E proprio l'orientamento verso il racconto realistico delle recenti tragiche vicende rendeva invece la narrativa fantasiosa di Morovich poco in sintonia con i gusti dominanti; egli continuava tuttavia a scrivere i suoi racconti che alcuni quotidiani locali (come "Il giornale di Brescia" e "La Nazione") gli pubblicavano regolarmente, ma le cui raccolte in volume non trovavano spazio nella grande editoria, sicché quei suoi sempre originalissimi libri erano pubblicati da chi era editore per diletto e apprezzava questo singolare scrittore, come ad esempio la benemerita signora Caterina Gualco, titolare a Genova della galleria d'arte Unimedia.

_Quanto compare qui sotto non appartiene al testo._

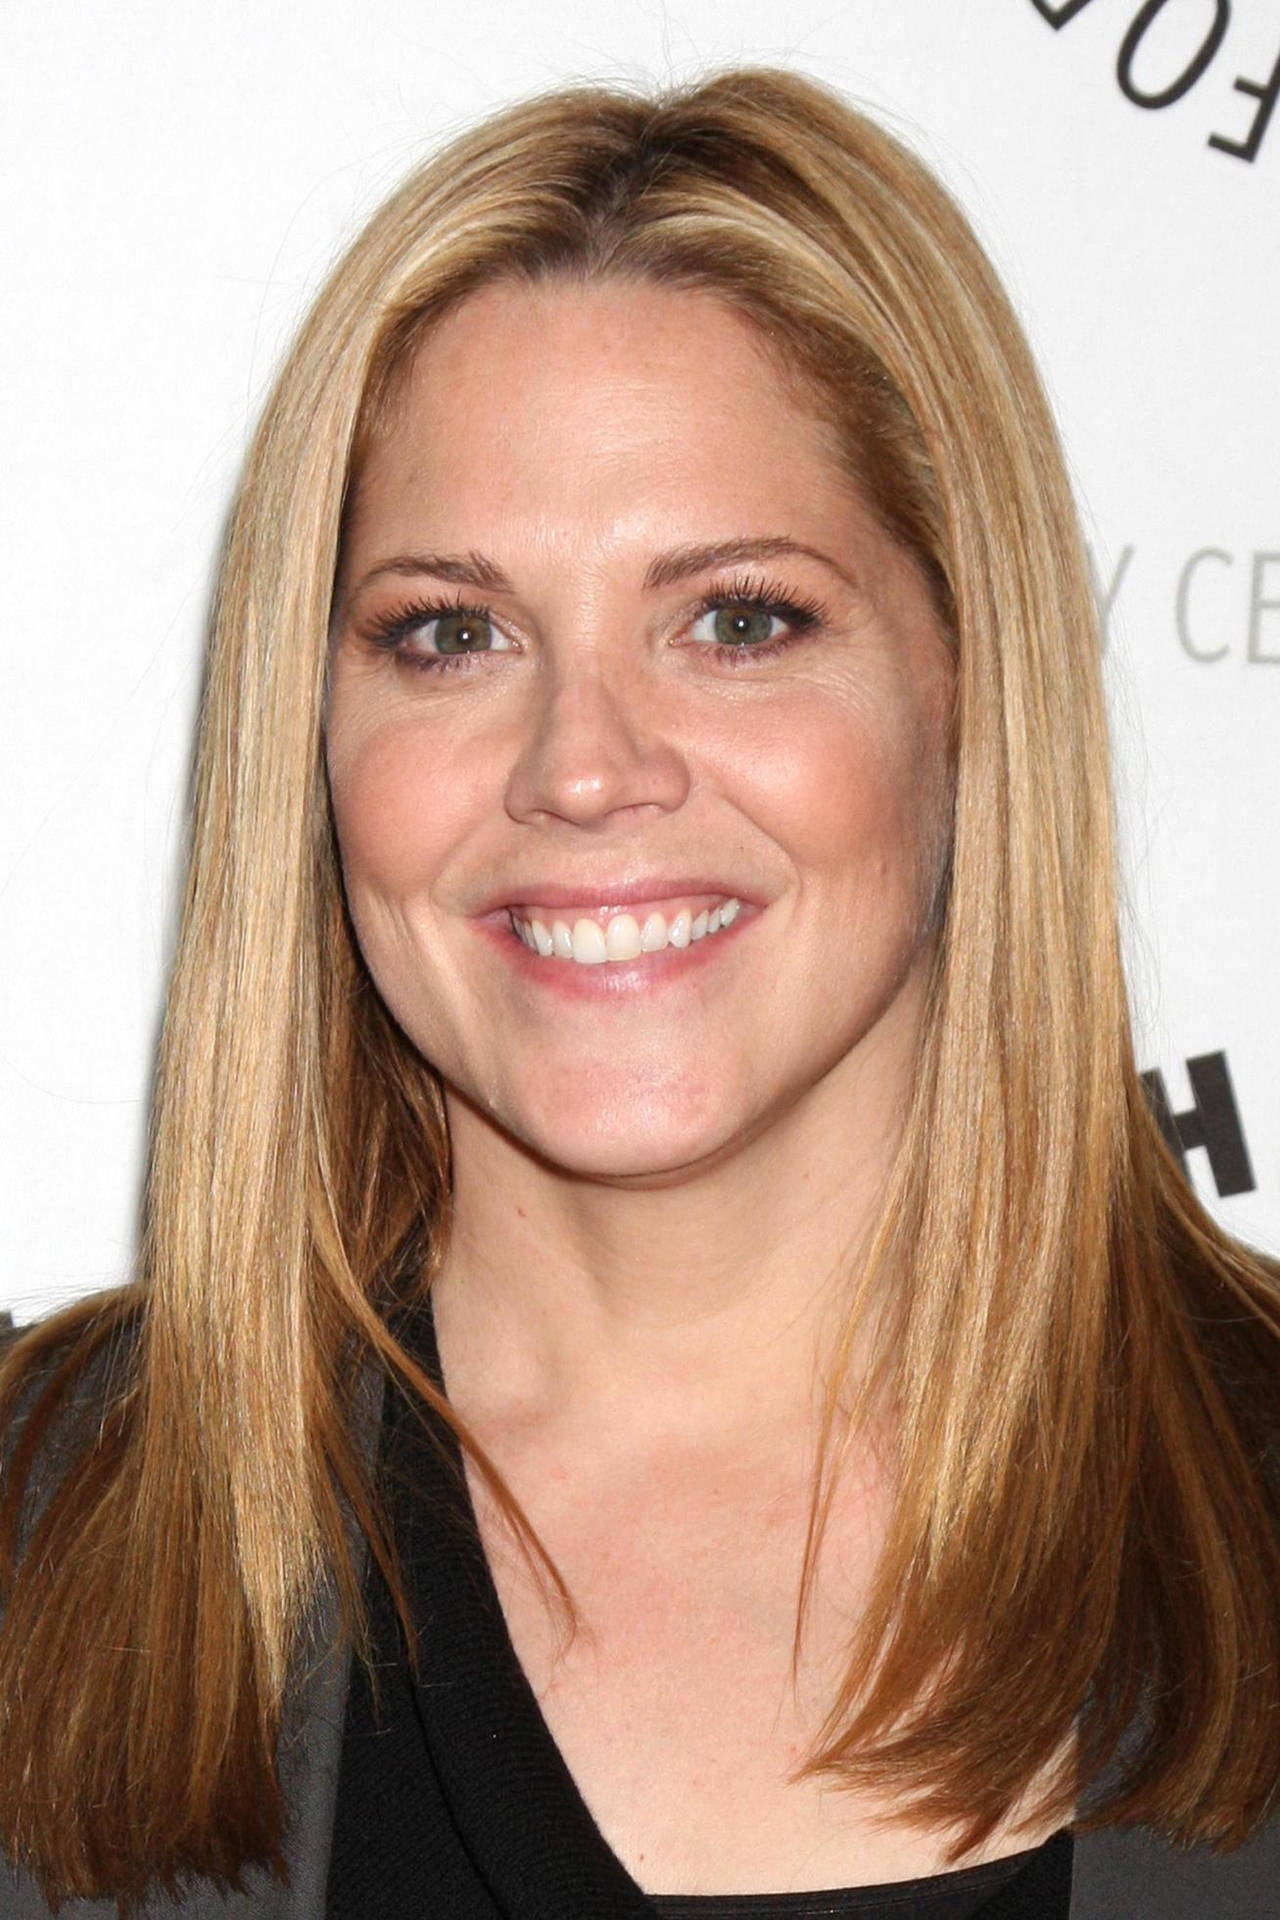 Mary McCormack in "In Plain Sight" Wallpaper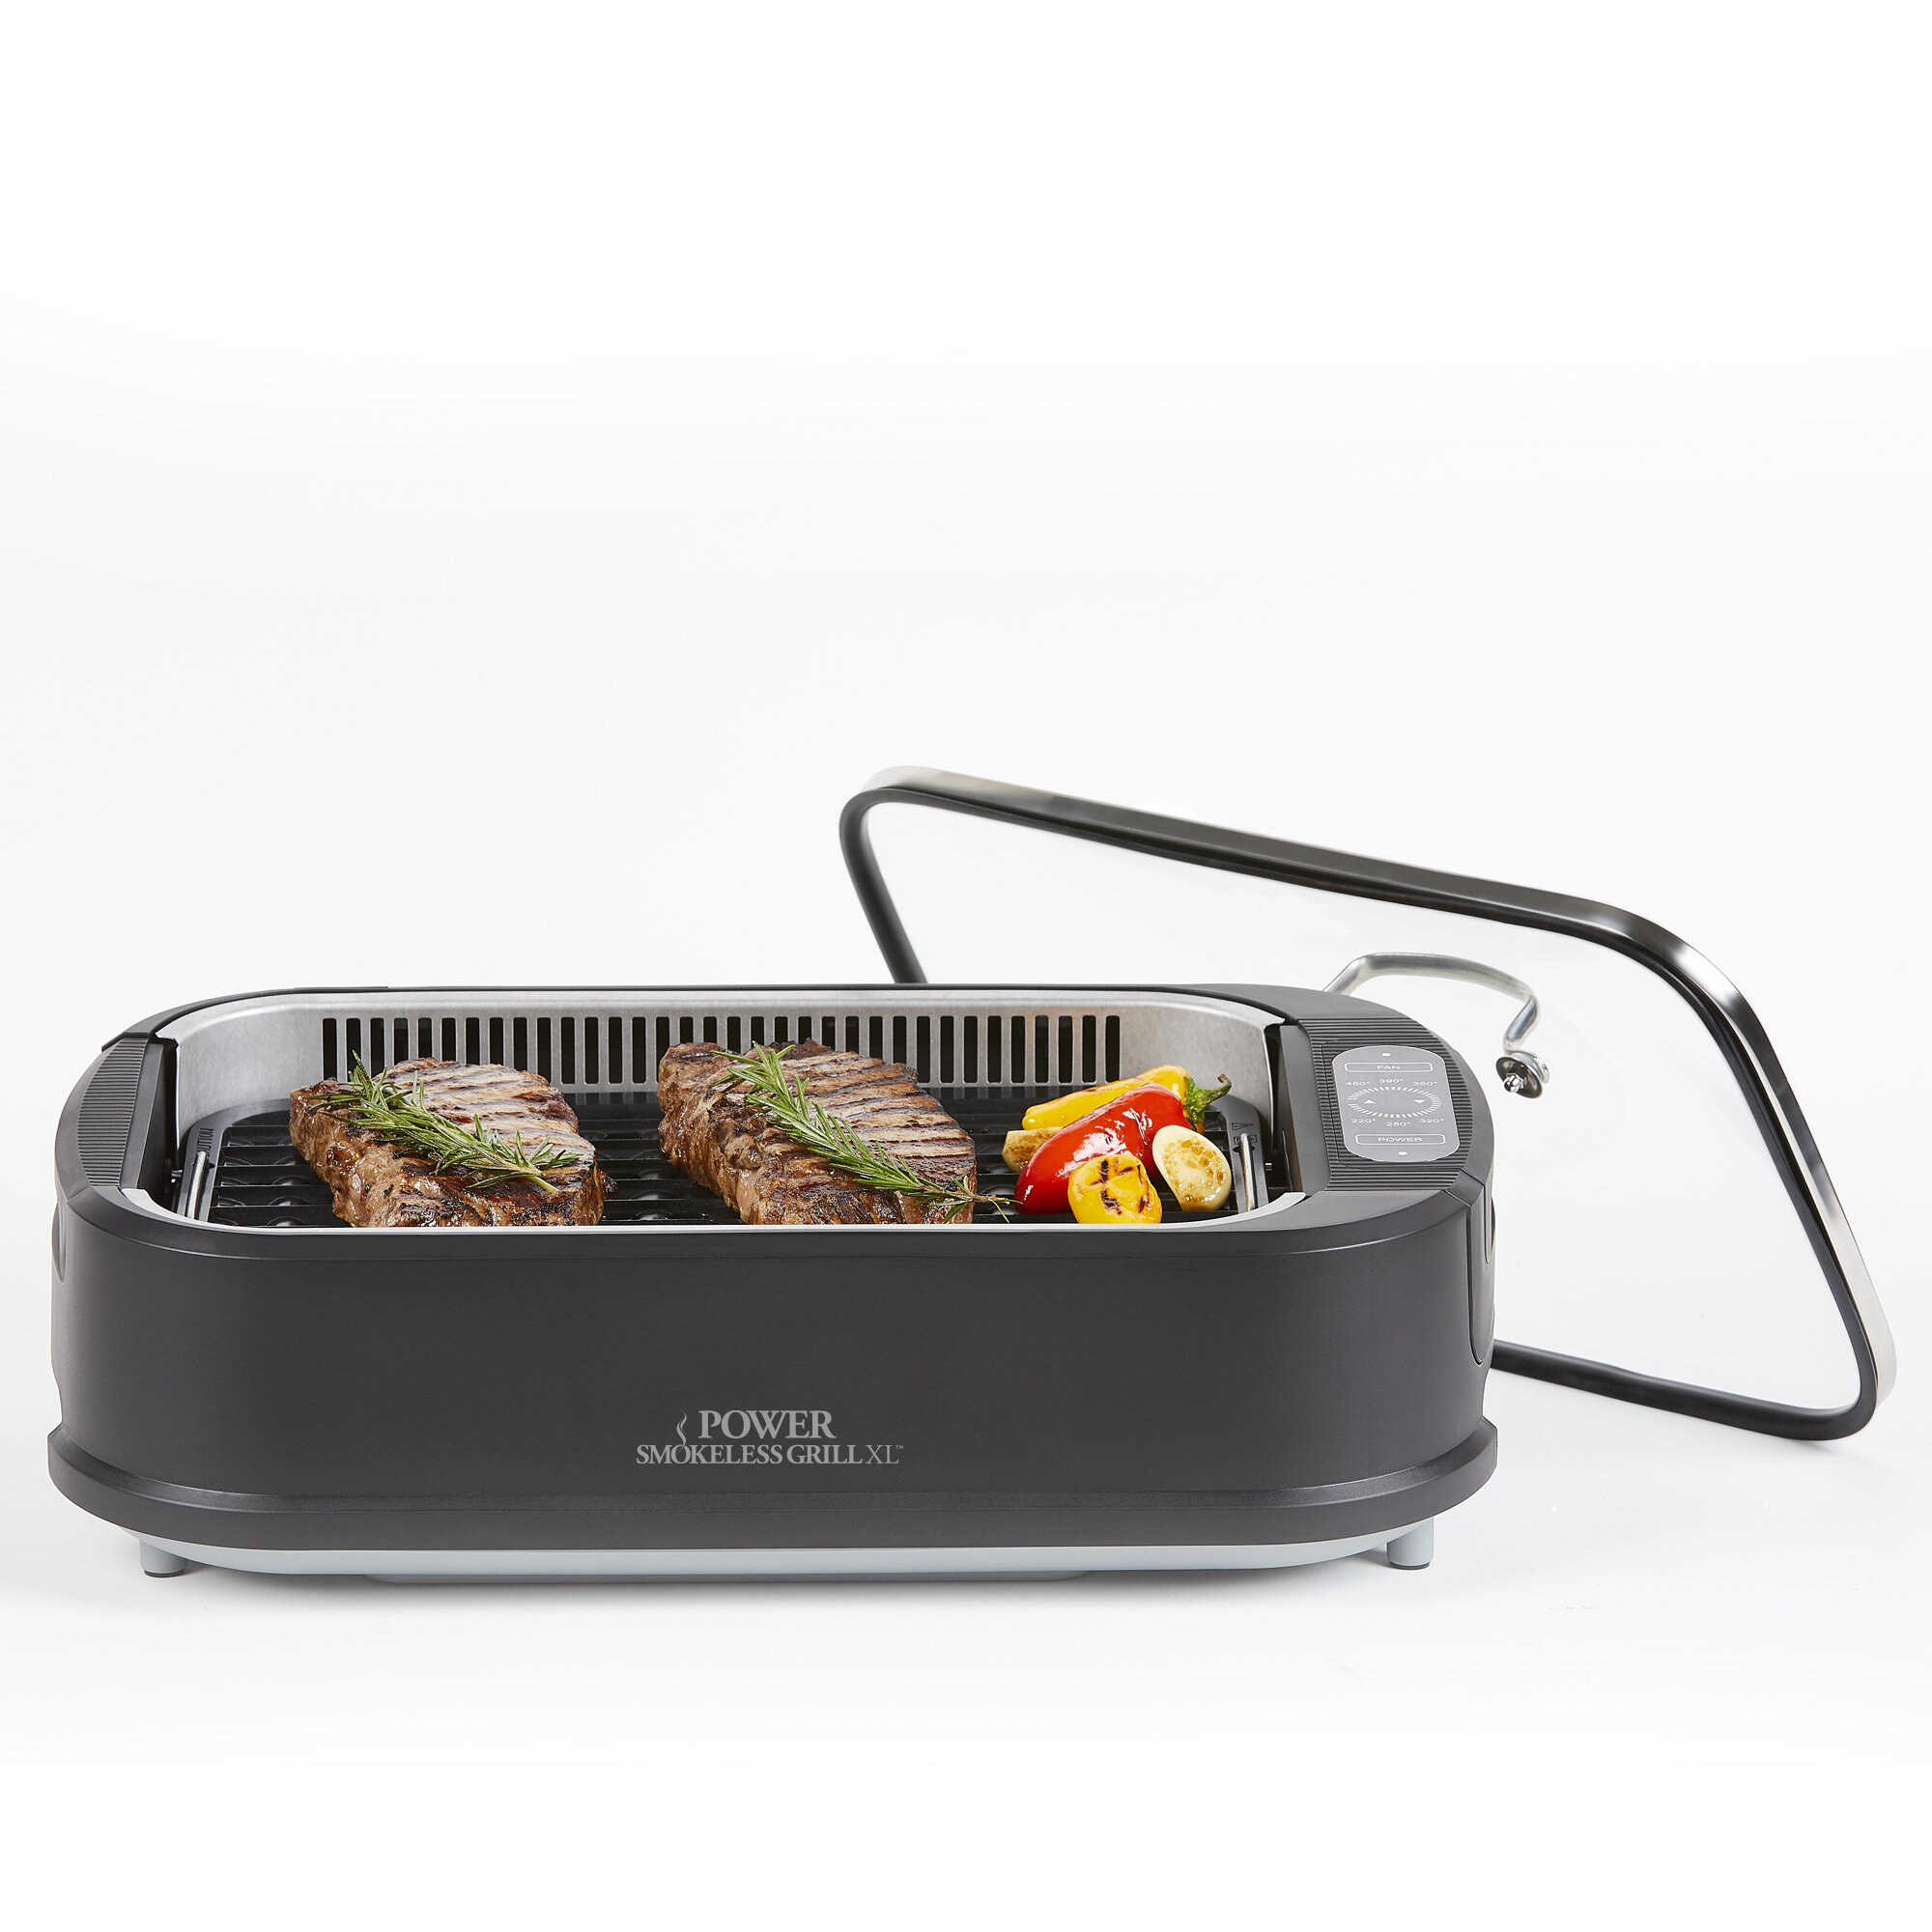 MegaChef Reversible Indoor Grill and Griddle with Removable Glass Lid

Ormai nella società letteraria italiana di Morovich, oltretutto quanto mai schivo per natura, si erano perse le tracce, tanto che, in un articolo uscito nel 1987 su "Tuttolibri" nel quale rievocava le sue letture giovanili, Leonardo Sciascia si era domandato se fosse ancora vivo. A mia volta replicai sul "Lavoro” che non solo Morovich era ancora vivo ma che pure scriveva ancora, anche se i suoi deliziosi libriccini avevano scarsa circolazione. Pi qui si diffuse una grande curiosità per questo narratore tanto appartato quanto originale; Sciascia tornò a scrivere su di lui. "Tutto libri" gli dedicò un paginone, Nico Orengo venne a Genova a intervistarlo, molti critici si risvegliarono e nel giro di pochi anni decine di suoi libri vennero stampati e ristampati da importanti editori italiani: da Sellerio a Einaudi a Rusconi, che nel 1990 gli pubblicò il romanzo Piccoli amanti, entrato nella cinquina finale del premio Strega. Ma questo tardivo successo colse Morovich ormai sul declinare dei suoi giorni che, trasferitosi negli ultimi anni a Chiavari presso suoi parenti, si conclusero nel 1994. Di lui ci restano però centinaia di racconti tutt'oggi godibili e sorprendenti, una parte dei quali raccolti nel libro La morte in pantofole (edito da Gammarò) che già dal titolo lascia intuire il paradosso tra umoristico e tragico che segna le sue pagine; e che anche si desume dal suo disegno posto in copertina, nel quale volti umani di profilo in giallo e verde sono posti sul corpo di un bassotto e di un animale non identificabile con le zampe di legno.

* Francesco De Nicola è docente e presidente della delegazione ligure della Società Dante Alighieri.